• [INFORMATION PROVIDED]
★ ★ ★

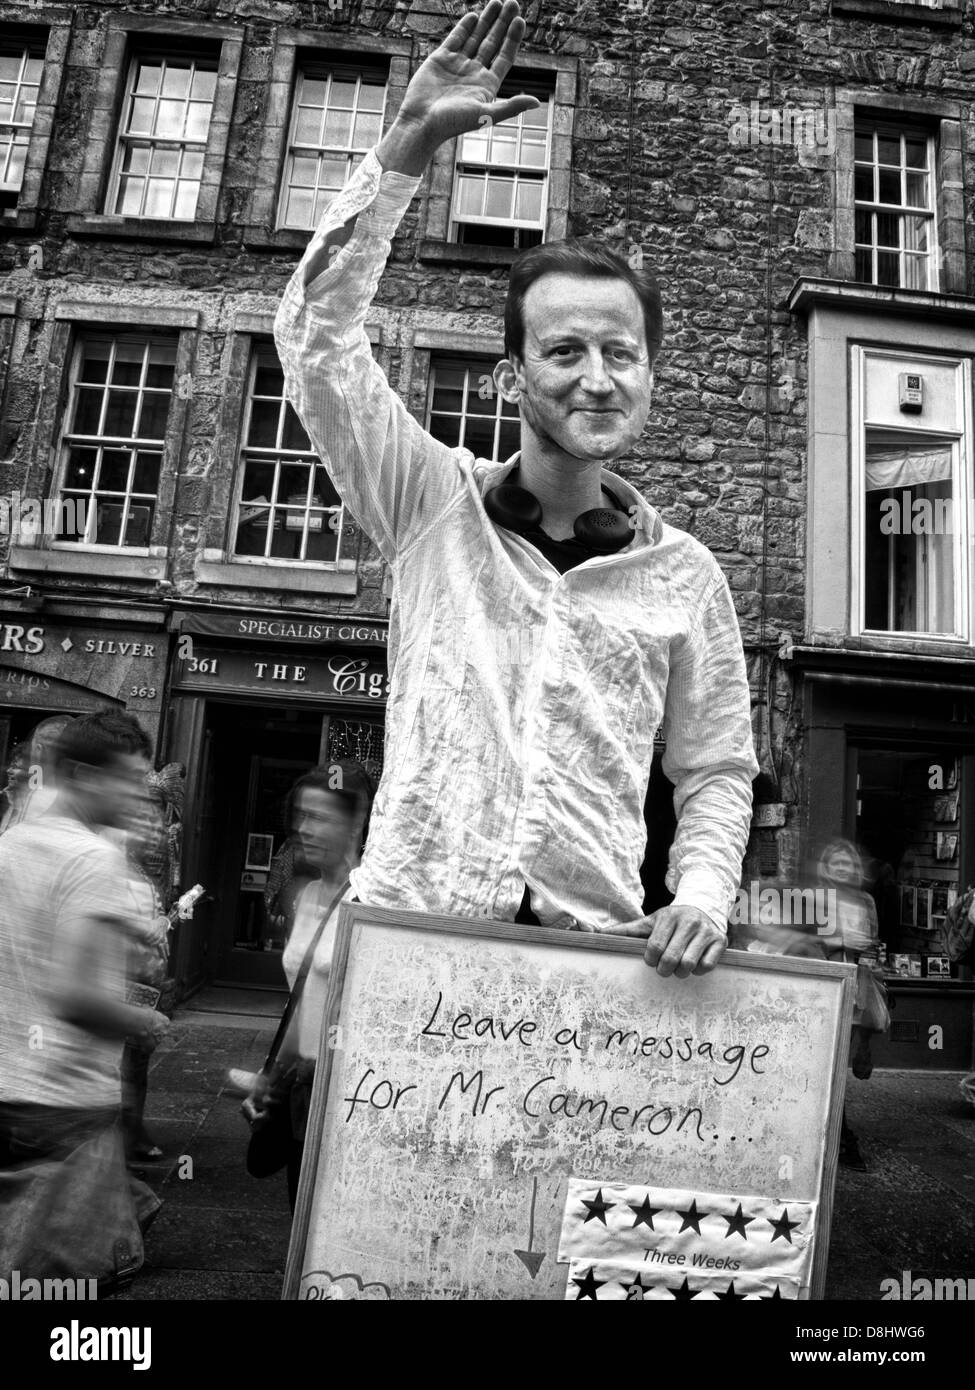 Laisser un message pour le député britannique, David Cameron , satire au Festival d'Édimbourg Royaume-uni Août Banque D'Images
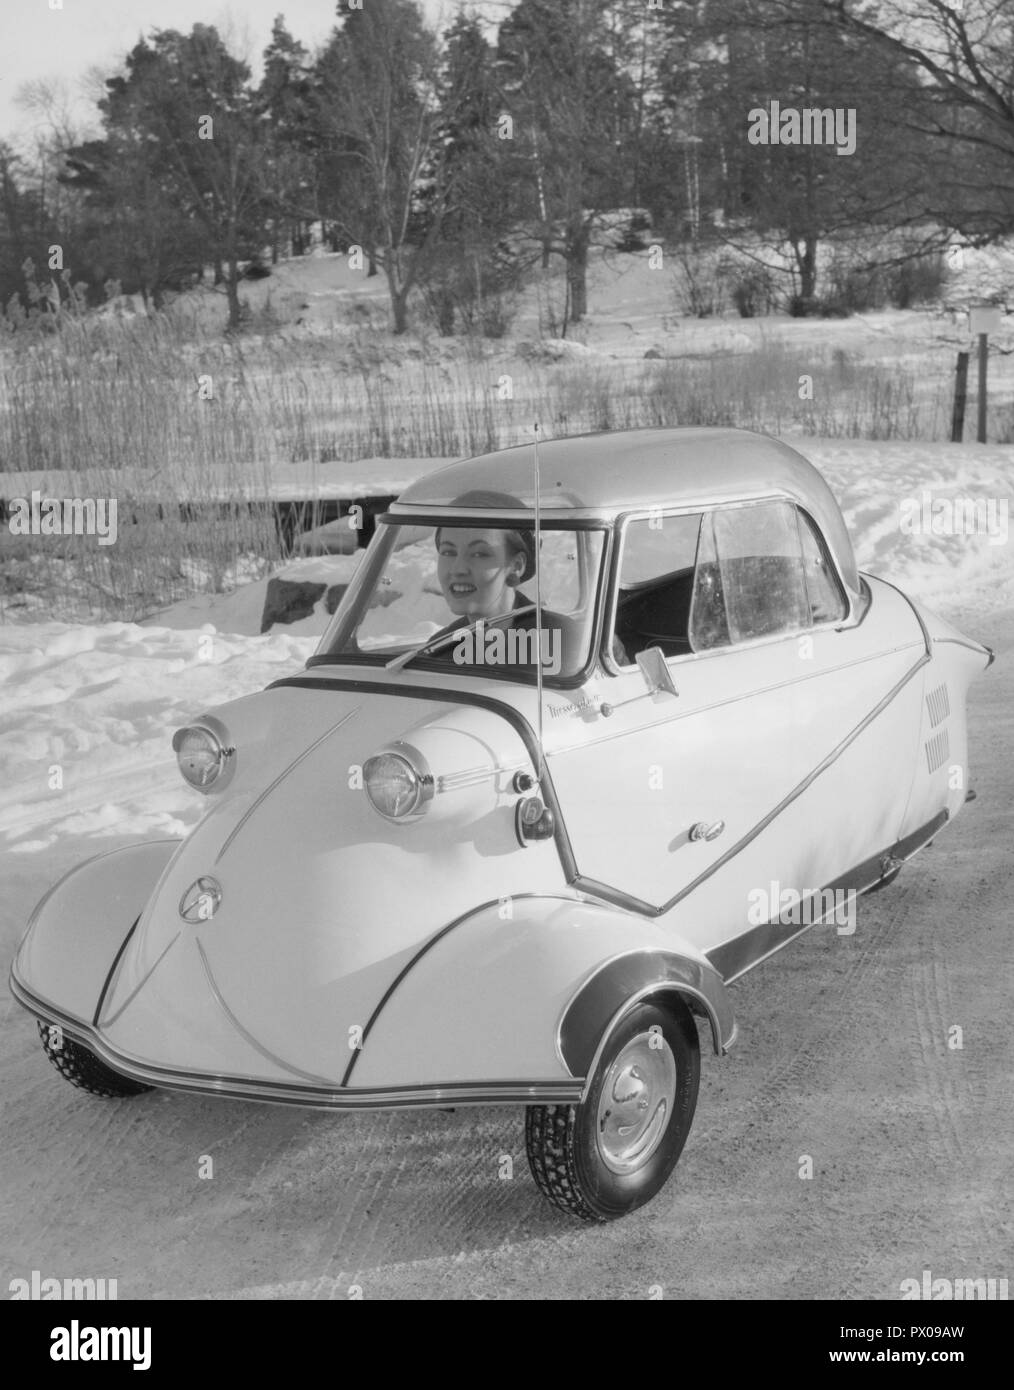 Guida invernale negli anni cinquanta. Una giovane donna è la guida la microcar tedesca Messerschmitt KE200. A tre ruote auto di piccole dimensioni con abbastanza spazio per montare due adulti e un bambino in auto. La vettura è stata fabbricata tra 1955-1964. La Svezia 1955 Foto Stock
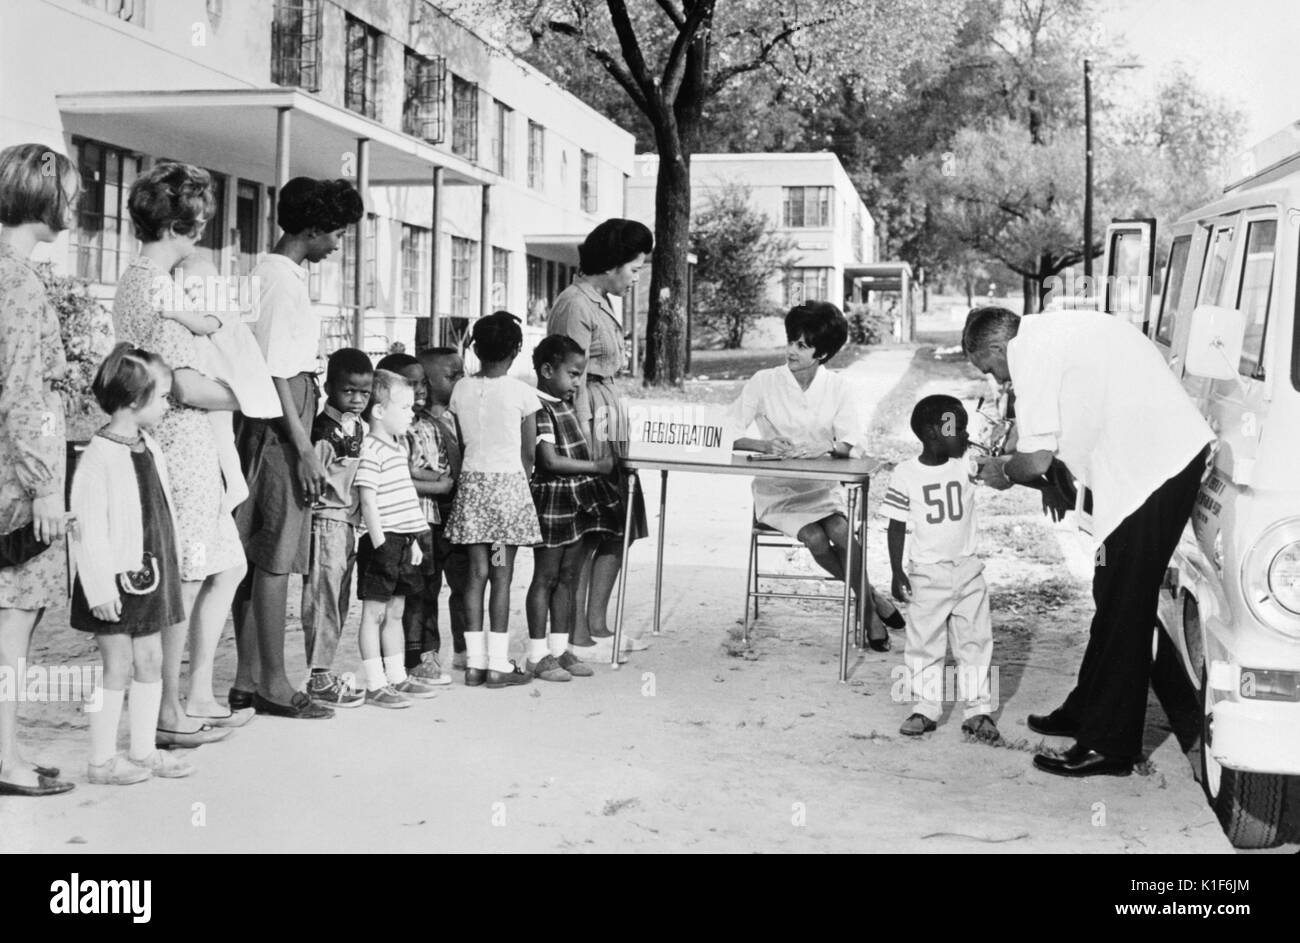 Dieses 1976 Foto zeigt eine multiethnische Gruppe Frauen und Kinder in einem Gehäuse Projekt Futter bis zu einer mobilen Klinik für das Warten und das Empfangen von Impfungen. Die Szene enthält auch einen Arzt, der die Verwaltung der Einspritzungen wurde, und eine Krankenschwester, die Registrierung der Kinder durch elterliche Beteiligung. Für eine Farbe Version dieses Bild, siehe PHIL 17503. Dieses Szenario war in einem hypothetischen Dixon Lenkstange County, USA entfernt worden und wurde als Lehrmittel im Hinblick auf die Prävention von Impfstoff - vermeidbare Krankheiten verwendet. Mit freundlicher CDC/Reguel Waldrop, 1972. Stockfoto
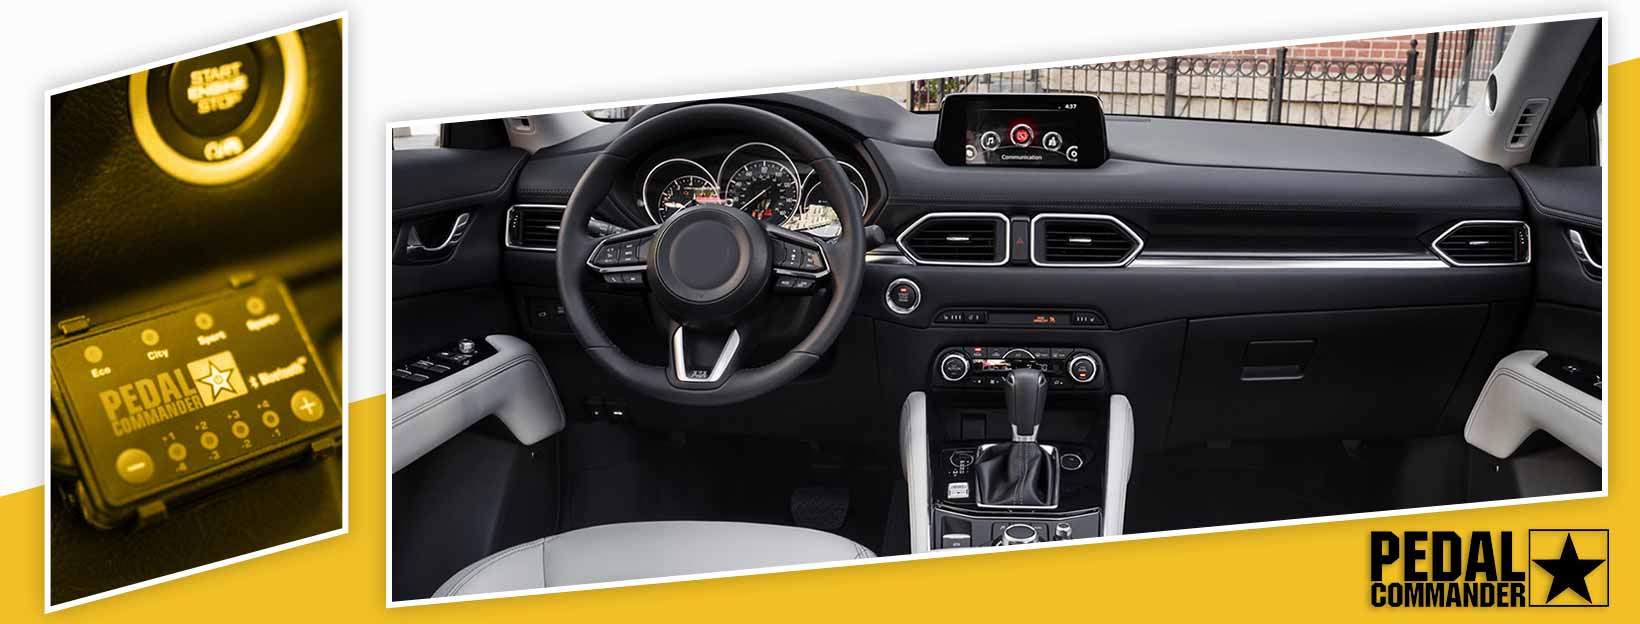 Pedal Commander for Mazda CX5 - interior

★ ★ ★

Reproduce the listing exactly. Leave its pictures out.

 Laisser un message pour le député britannique, David Cameron , satire au Festival d'Édimbourg Royaume-uni Août Banque D'Images
 Guida invernale negli anni cinquanta. Una giovane donna è la guida la microcar tedesca Messerschmitt KE200. A tre ruote auto di piccole dimensioni con abbastanza spazio per montare due adulti e un bambino in auto. La vettura è stata fabbricata tra 1955-1964. La Svezia 1955 Foto Stock
 Dieses 1976 Foto zeigt eine multiethnische Gruppe Frauen und Kinder in einem Gehäuse Projekt Futter bis zu einer mobilen Klinik für das Warten und das Empfangen von Impfungen. Die Szene enthält auch einen Arzt, der die Verwaltung der Einspritzungen wurde, und eine Krankenschwester, die Registrierung der Kinder durch elterliche Beteiligung. Für eine Farbe Version dieses Bild, siehe PHIL 17503. Dieses Szenario war in einem hypothetischen Dixon Lenkstange County, USA entfernt worden und wurde als Lehrmittel im Hinblick auf die Prävention von Impfstoff - vermeidbare Krankheiten verwendet. Mit freundlicher CDC/Reguel Waldrop, 1972. Stockfoto
 Pedal Commander for Mazda CX5 - interior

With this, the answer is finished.